How to: Attempt Life while Dealing with Obsessions and Distractions

A writer once told me, that in order to write well, the writer must be a little bit obsessed with what he’s writing about. I didn’t give that statement much credit until I started writing. I found it hard to write my first novel from all the scattered notes in my brain. It didn’t draw me in. I felt no desire to hammer it out into a novel. Later on, however, I started to smooth out the story in my head, and little by little, I became more obsessed with it.

That is why I tend to pour myself into one novel at a time. I don’t want to stop mid-draft. I want to revise the entire thing at once.

I wrote the rough draft of Caroline Eversole and the Gilded Gauntlet in about a week. I was obsessed with it. I revised that draft in about two weeks. It’s all I thought about. I admit; I’ve never been as obsessed with a WIP. It was different, it was exciting, it had all the hallmarks of a great story that I’d love to read, and I couldn’t stop.

Now, when it came to the second and third revisions, I slowed down. I knew the story, but it was time to spend time to line-edit and add style and clarity.

Have you ever been kept up at night by a good book? Or had to stop reading for some cause or another, and you can’t stop thinking about what’s going to happen next? It’s that feeling after you watch the newest episode of your favorite show. You need to know more. You need the trailer for the next episode. You need it. You inner fan-girl demands it!

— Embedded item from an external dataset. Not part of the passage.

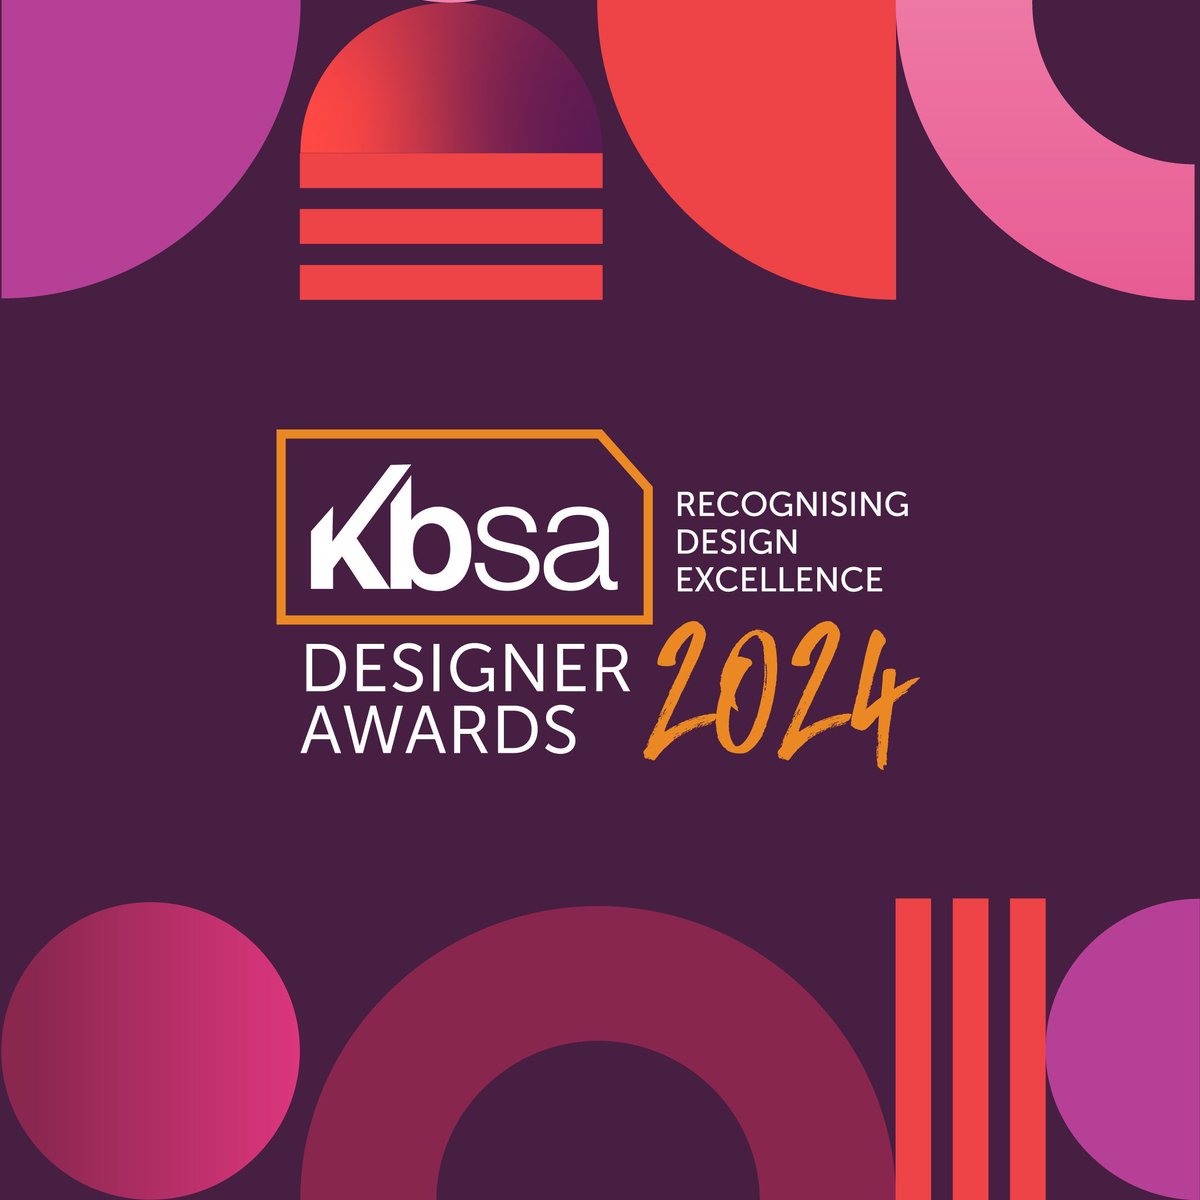 📣 Attention Kbsa Designers! The entries for this year's Kbsa Designer Awards are now open! To download your application form, visit buff.ly/47XNXJA #KbsaDesignerAwards #Kbsa #IndependentRetailers #Kitchens #Showroom #HomeImprovements #Design

But, here’s the PSA part: how do you balance these distractions and obsessions with real life?

I’d love to stay home all day and read and write and keep the dishes done and laundry from mounting higher than my head, but, alas, I can’t. I need a day job to pay bills and keep myself out of poverty such that would make reading or writing harder. At work, I’ll daydream about a scene I’m thinking of writing, or a scene from a show or movie that I loved and want to recreate. I’ll sometimes daydream and push off actual work…don’t tell my boss. But, I realize that real life is a priority. I can’t shove off work all the time – I get things done.

It’s a balancing act. I balance work and play; day job and moonlight writer; chocolate and vegetables. Just like fiction is a balance of grammatical structure, plot and prose, narration and character, life is a balance of real life and the moonlight life. It’s hard to do, sometimes, and I’ve fallen off the bandwagon a few times and stayed home all weekend binge-watching and playing a video game until my controller dies. I find that it’s a therapy of its own, as long as that’s not the only thing you do with your life.

*Writing is also a nice way to get the obsession out of your mind.